● **DATASET SECTION**
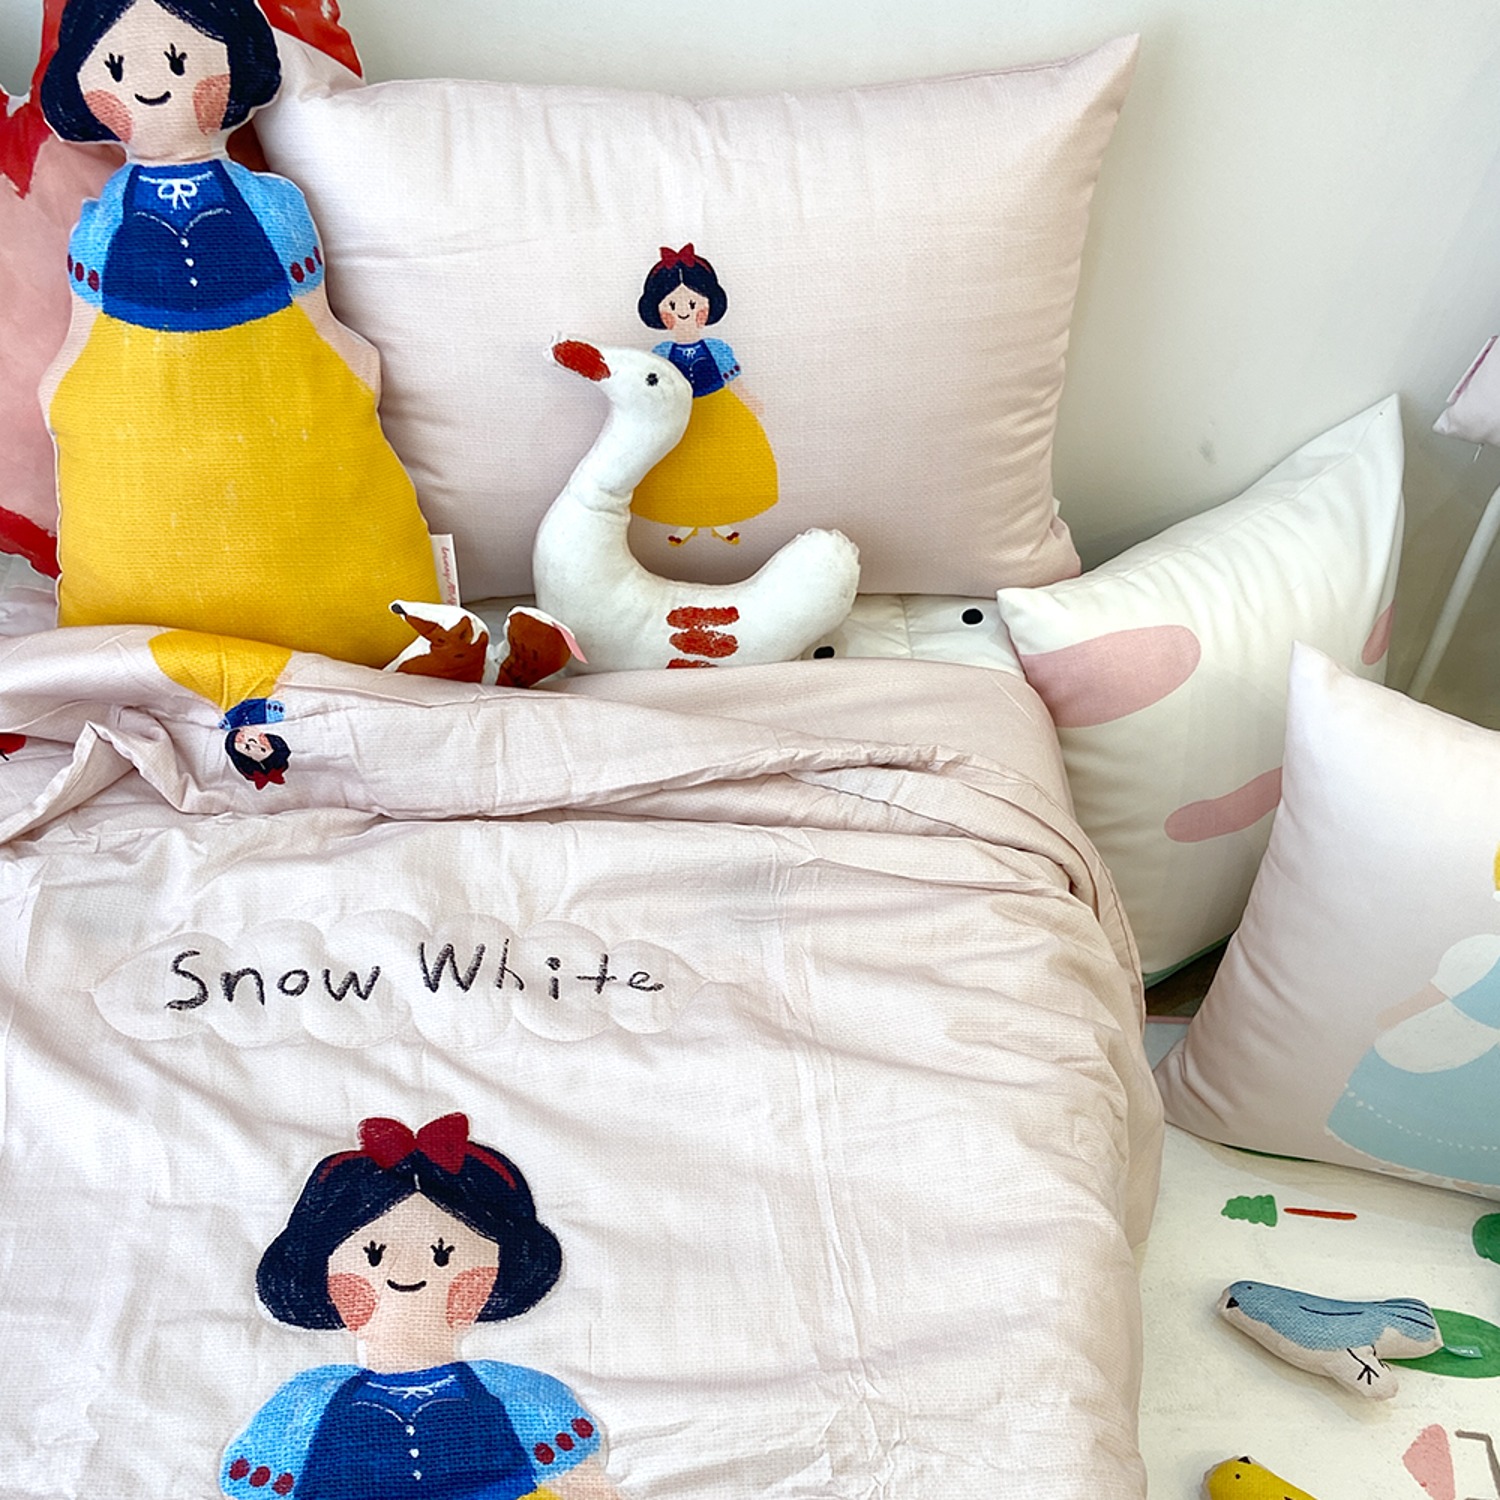 [drawing AMY] Snow white summer bed comforter set
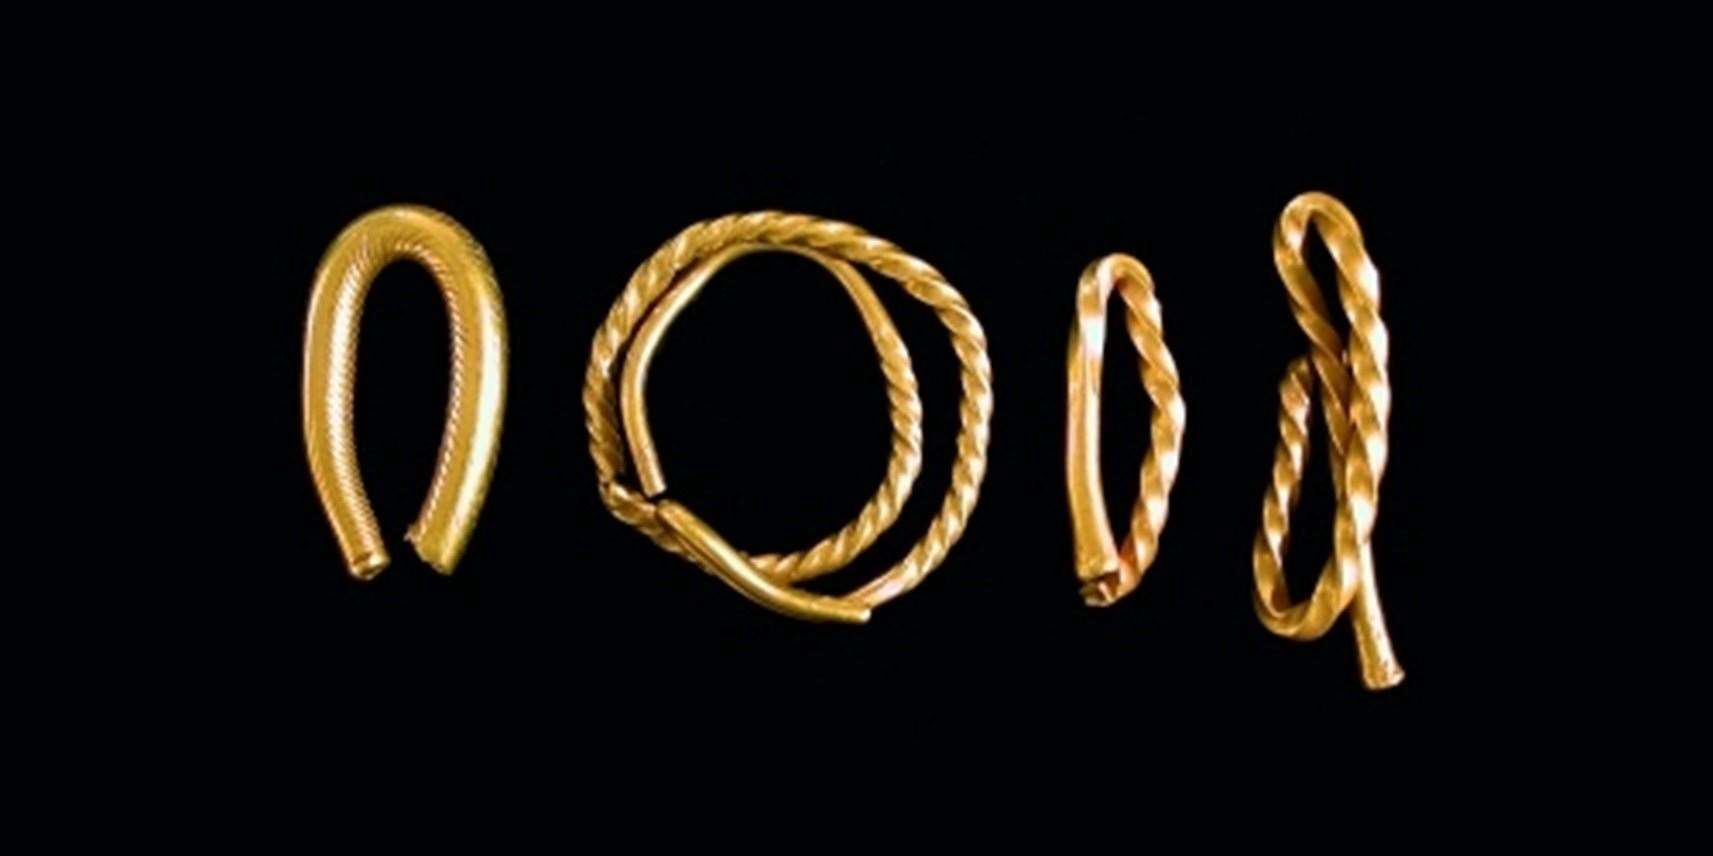 Bronze Age gold torcs will form part of the display
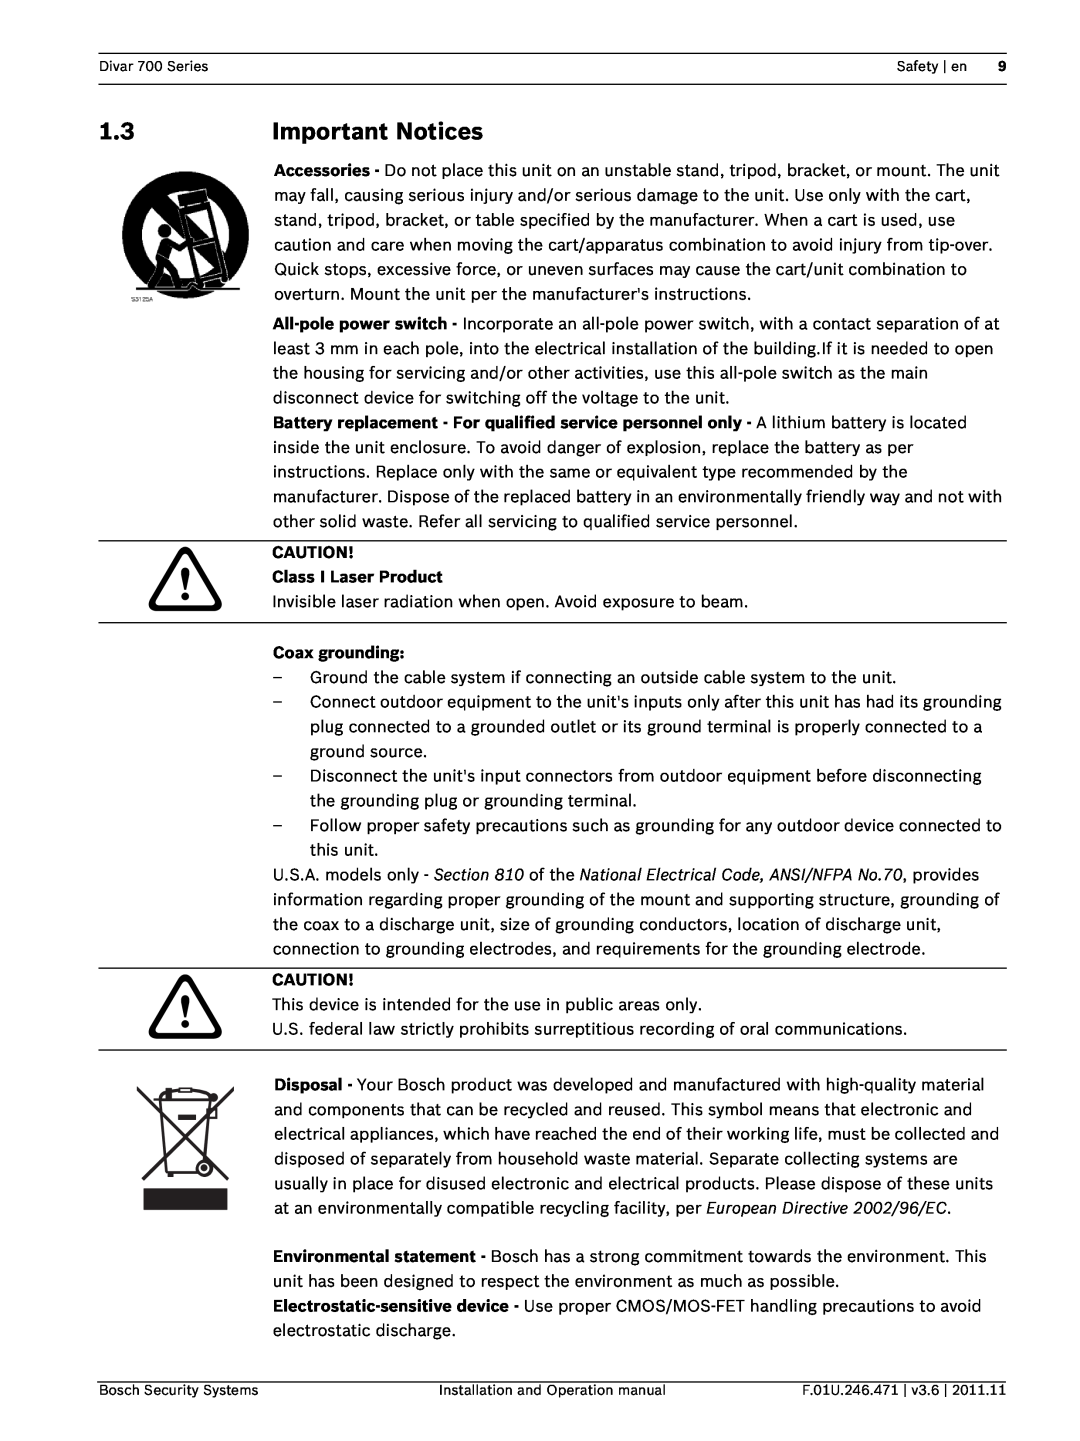 Bosch Appliances 700 operation manual Important Notices, Class I Laser Product, Coax grounding 
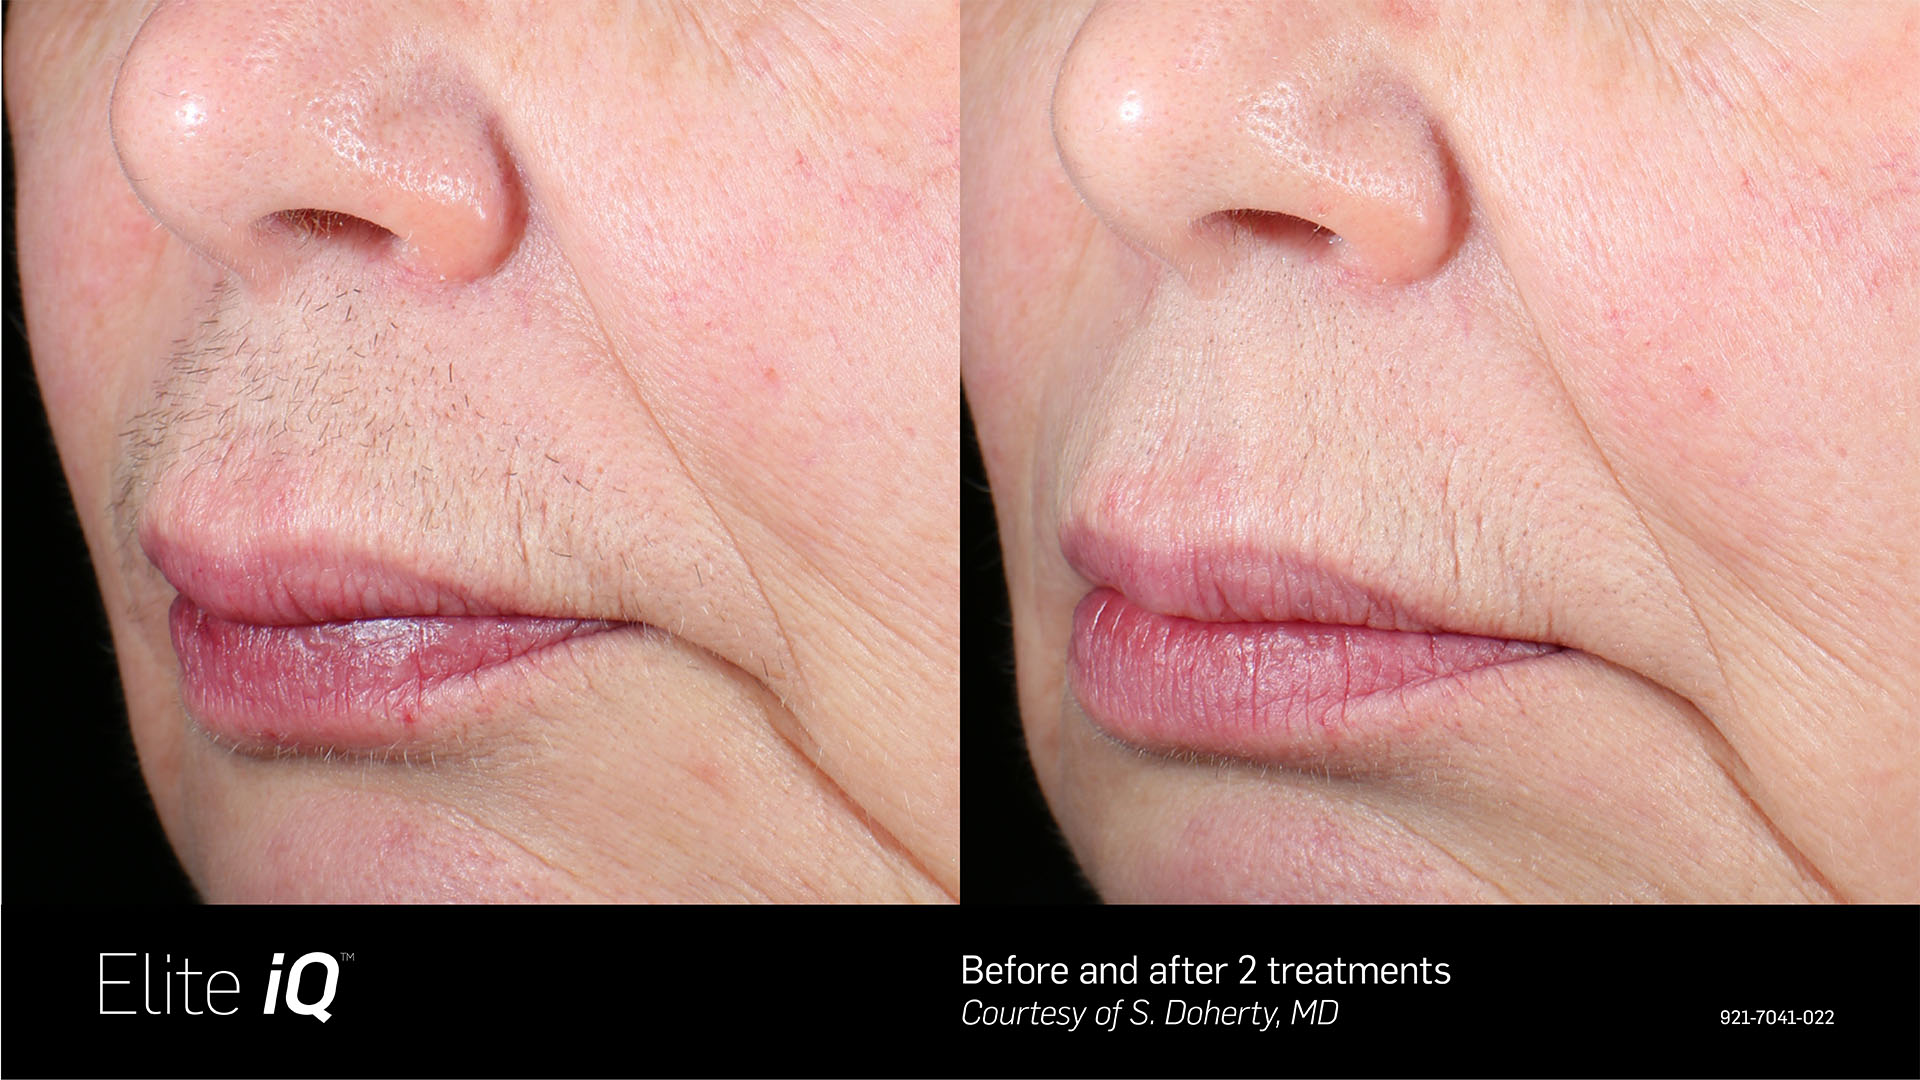 Side profile before and after photo showing a woman's upper lip with hair before and smoother, more hairless skin after Elite IQ laser hair removal treatment in St. Petersburg.

● **EXERCISE**
Would you repeat the listing word for word and skip every picture?

● **WORKED SOLUTION**
 [drawing AMY] Snow white summer bed comforter set
 Bronze Age gold torcs will form part of the display
 Bosch Appliances 700 operation manual Important Notices, Class I Laser Product, Coax grounding 
 Side profile before and after photo showing a woman's upper lip with hair before and smoother, more hairless skin after Elite IQ laser hair removal treatment in St. Petersburg.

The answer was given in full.